Recibimos 870 solicitudes de personas que quieran entrar a Mar del Plata por cuestiones de fuerza mayor”, le dice a Ámbito, Darío Oroquieta, a cargo de la seguridad del municipio. “Esto demuestra –agrega– que la gente quiere venir a Mar del Plata. Pero seguiremos siendo rígidos y exhaustivos en cada uno de los controles. Más en función de los resultados”, agrega.

En las últimas horas se dieron diversos casos a nivel local. Desde un cordobés, que luego dio positivo de Covid-19, que intentó ingresar al municipio con el permiso y la documentación de otra persona hasta una familia de Tigre que quiso mudarse a la ciudad. Además, dos mujeres asintomáticas que volvían ayer de Capital Federal, fueron hisopadas en un retén en las afueras de la Ciudad y arrojaron resultado positivo.

Igual situación se da en Pinamar, donde todos los días son rechazados casi el total de las personas que intentan ingresar con sus vehículos particulares. “Inexplicablemente el estado nacional no hace controles en las rutas y de esta manera nos delegó a nosotros un control que es muy difícil de realizar debido que se dan casos de gente que es rechazada y que entra con remises locales”, le cuenta Ámbito, Lucas Ventoso, secretario de Seguridad local.

En la actualidad, la ciudad se encuentra transitando los últimos días de la Fase 4 luego de que una mujer de 80 años diera positivo hace dos semanas. Y el temor de que el virus vuelva a ingresar, persiste. “La gente se sube a su auto y llegan a donde quieren porque están en un estado de desesperación. Pero si hubiera controles estrictos en las 15 rutas, se bloquearía casi el 100 por ciento de la circulación del virus. Estamos viviendo situaciones traumatizantes. Rechazando a personas después de viajar 400 km cuando los podían haber advertido a kilómetros de salir”, agrega Ventoso. Y para cerrar, pone sobre la mesa un concepto claro: “la cuarentena termina siendo una selección de clases. Las personas que vive en un asentamiento queda confinada a vivir sin agua corriente en esta situación, mientras que el que se puede escapar, lo hace”.

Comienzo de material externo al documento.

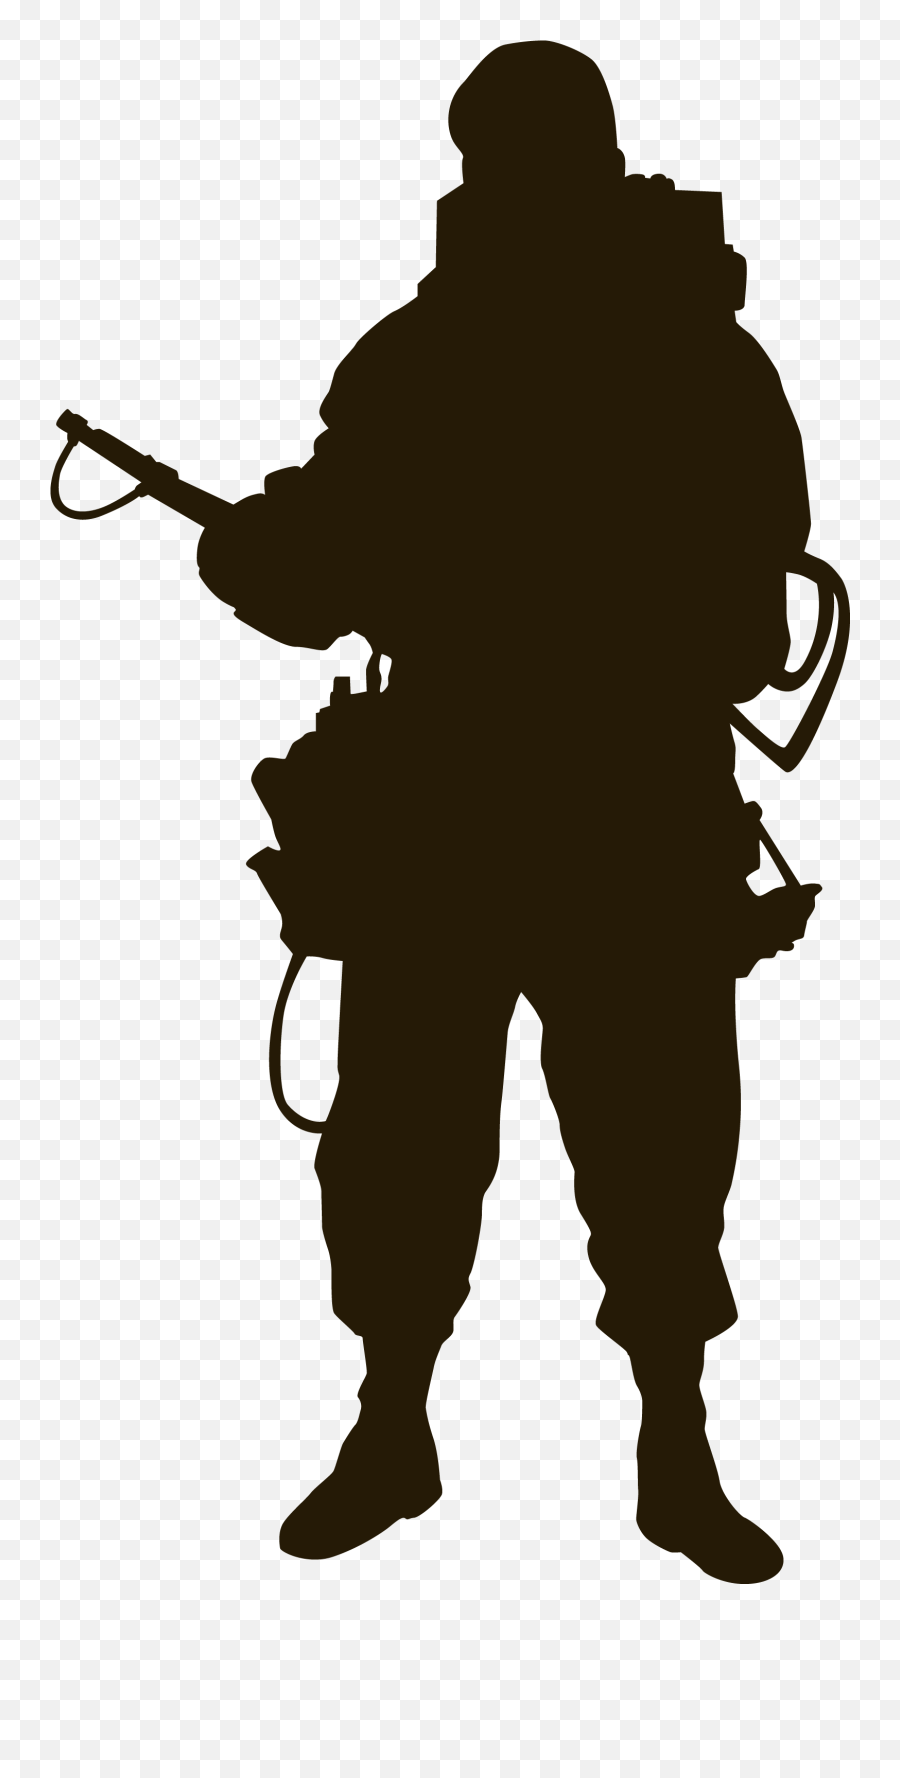 Download Ghostbusters Svg Silhouette - Ghostbusters Svg Png,Ghostbusters Png

En Villa Gesell la situación no difiere. Según fuentes locales, el municipio está rechazando de a 200 autos a la semana. “Vienen para acá porque tienen domicilio, pero no son residentes. Todo podría evitarse con los retenes previos. Llegan hasta Gesell sin que nadie los pare. Todo esto generó que se abran caminos clandestinos que tenemos que ir cerrando a diario para evitar que el virus pueda ingresar a la ciudad”, asegura un funcionario local. El propio intendente Gustavo Barrera aseguró que “algunos vecinos apoyan a quienes buscan entrar, les prestan hasta logística, los esperan para que entren caminando”. Y le pidió a los vecinos que “denuncien al 103, ya hemos verificado varios casos, y hubo casos en los que tenían razón, por lo que se invitó a esa gente a retirarse”.

En la misma línea, el intendente del partido de La Costa, Cristian Cardozo, envió un comunicado pidiendo que “seamos responsables y solidarios. Son semanas muy importantes para cuidarnos. Cuanto más tiempo estemos todos y todas en nuestras casas, más rápido vamos a lograr bajar el nivel de contagios y más cerca estaremos como país de ganar esta pelea. No bajemos los brazos". En todos los accesos al distrito, fuerzas de seguridad impiden el paso de todo aquel que pretenda ingresar y no tiene el DNI con domicilio en el distrito.

En una situación compleja, ya que todos los distritos cuentan con el turismo como principal actividad, los distritos de la costa se ven en la obligación de bloquear los accesos con el fin de preservar la salud de los vecinos. Un blindaje que permite diferenciar su realidad de la del AMBA y que, hasta el momento, parece dar resultado.